Oil benchmark shifts are turning into a second-order macro issue

The disruption is not only pushing crude prices up, it is also distorting the way crude is priced and hedged in Asia. Reuters reported that Middle East marker Dubai spiked to an all-time high of $169.75 per barrel, surpassing Brent and making regional supply unusually expensive.

Asian refiners have begun switching to pricing some US crude purchases against ICE Brent instead of Dubai, according to Reuters sources. One consequence is market plumbing: as hedges migrate, liquidity can move with them, potentially reducing depth in Dubai-based derivatives markets during a period of high physical volatility.
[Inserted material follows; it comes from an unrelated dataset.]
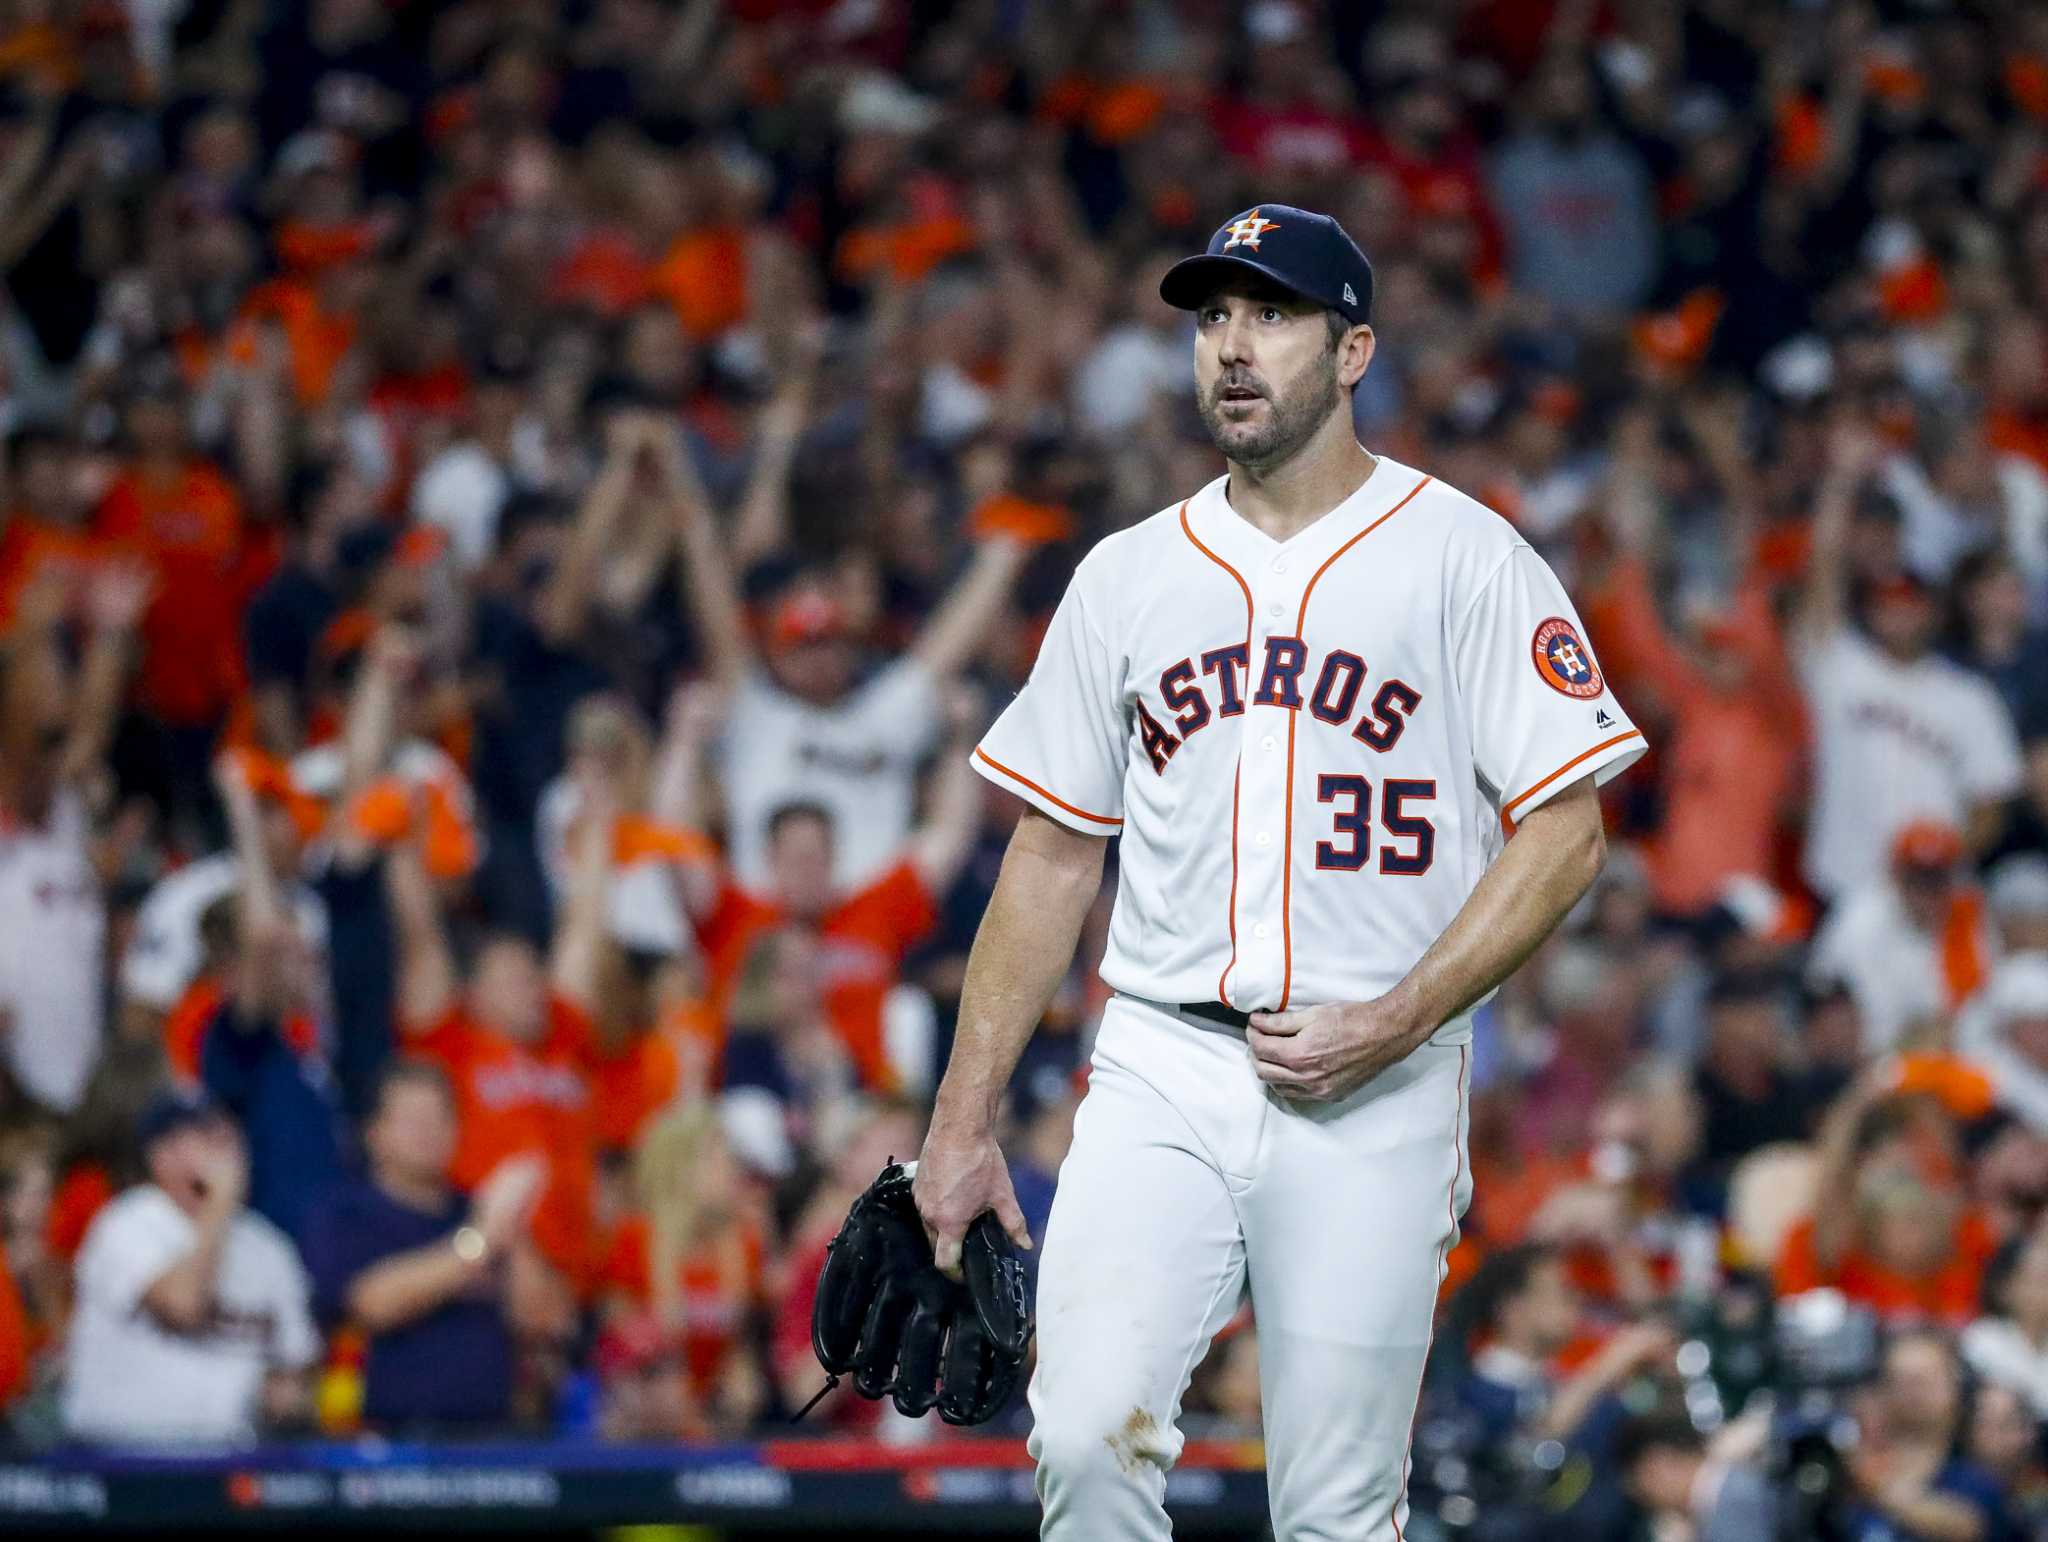 Houston Astros: When Mike Fiers refused to be intimidated by threats after  exposing the 2017 Houston Astros sign-stealing scandal
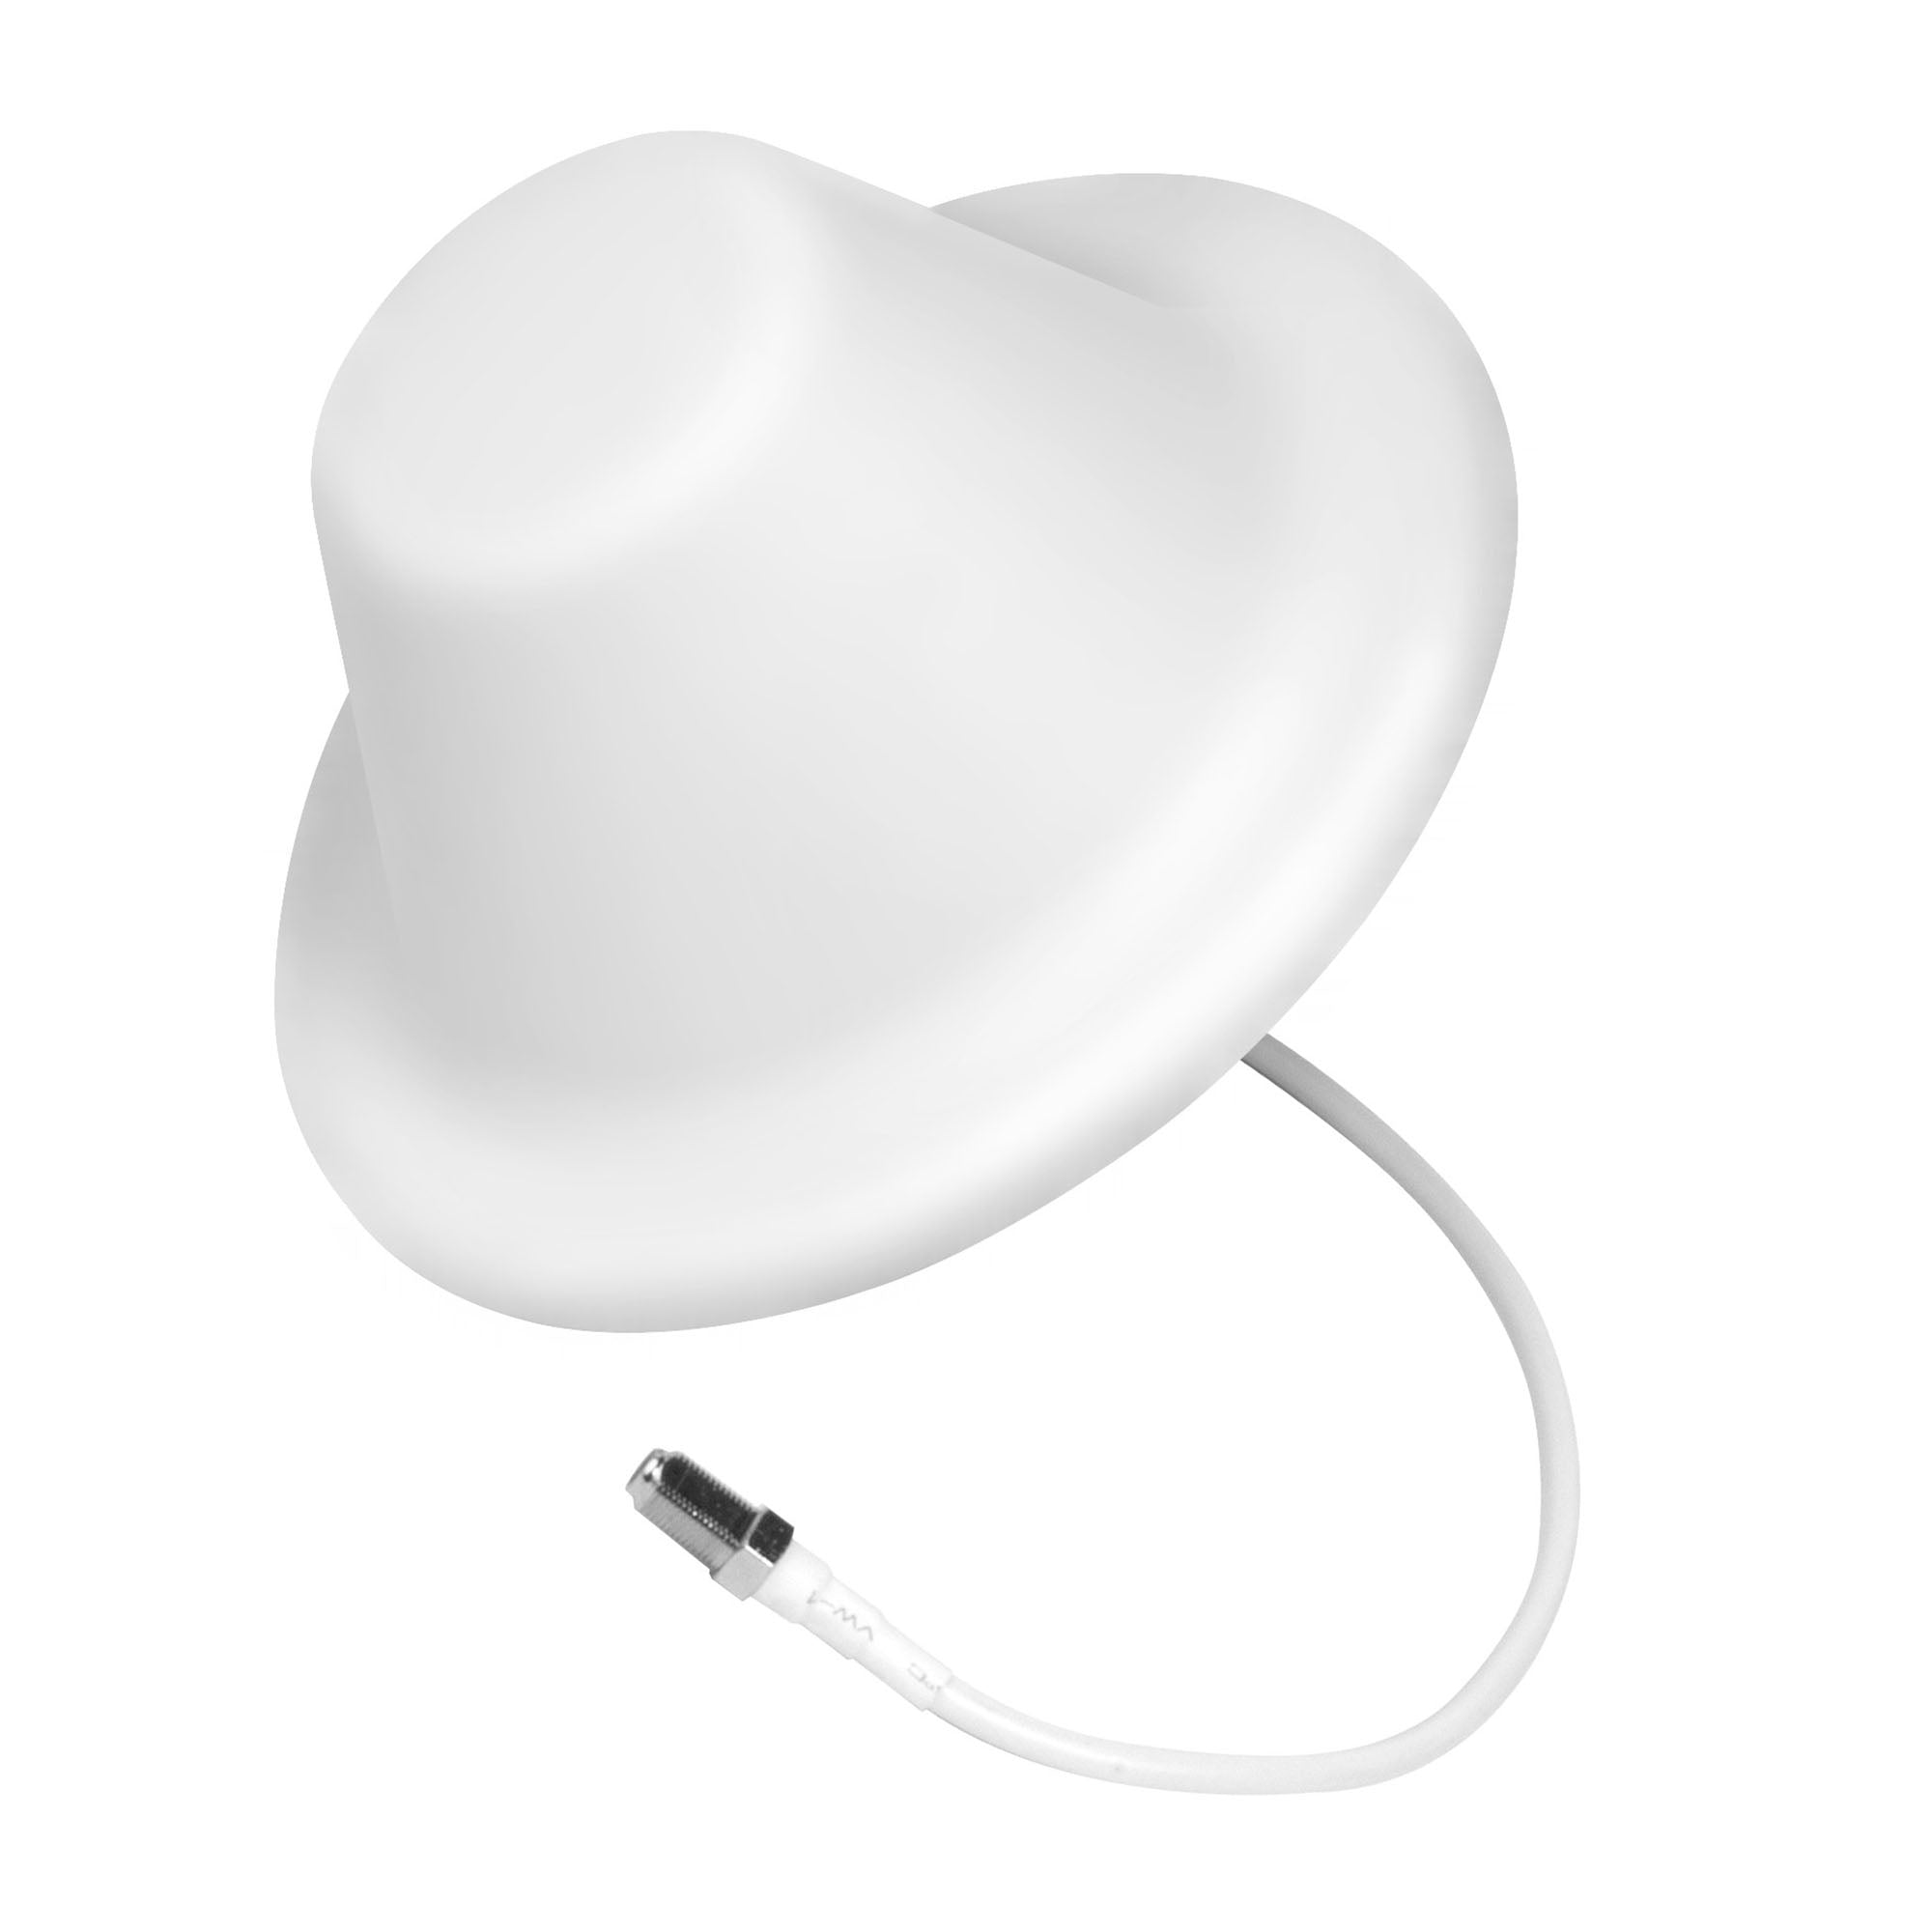 Wilson 4G Dome Antenna 75 ohm w/ 12 in. Pigtail F-Female - 15-01375

Reuters also reported a sharp reversal in Dubai’s spot premium later in the week, underscoring how unstable the benchmark has become. In Japan, Reuters reported the government asked wholesalers to switch to Brent-based pricing to limit gasoline price increases, a sign that benchmark choice is becoming a consumer-price issue, not just a trader’s debate.

What to watch next

The next set of signals will come from energy logistics, inflation pass-through, and labor markets. On logistics, watch whether shipping through the Strait of Hormuz normalizes and whether supplier delivery-time indices in PMIs keep deteriorating.

On inflation, the key question is how much of the energy spike becomes embedded in broader pricing. The euro zone PMI commentary noted muted pass-through so far even as costs surge, while the US survey suggests a faster move into consumer prices.

On labor markets, the PMI employment dip is an early warning rather than a payroll report. If hiring weakens while inflation stays high, policymakers may be pushed toward a longer “hold” and more targeted fiscal relief instead of broad stimulus.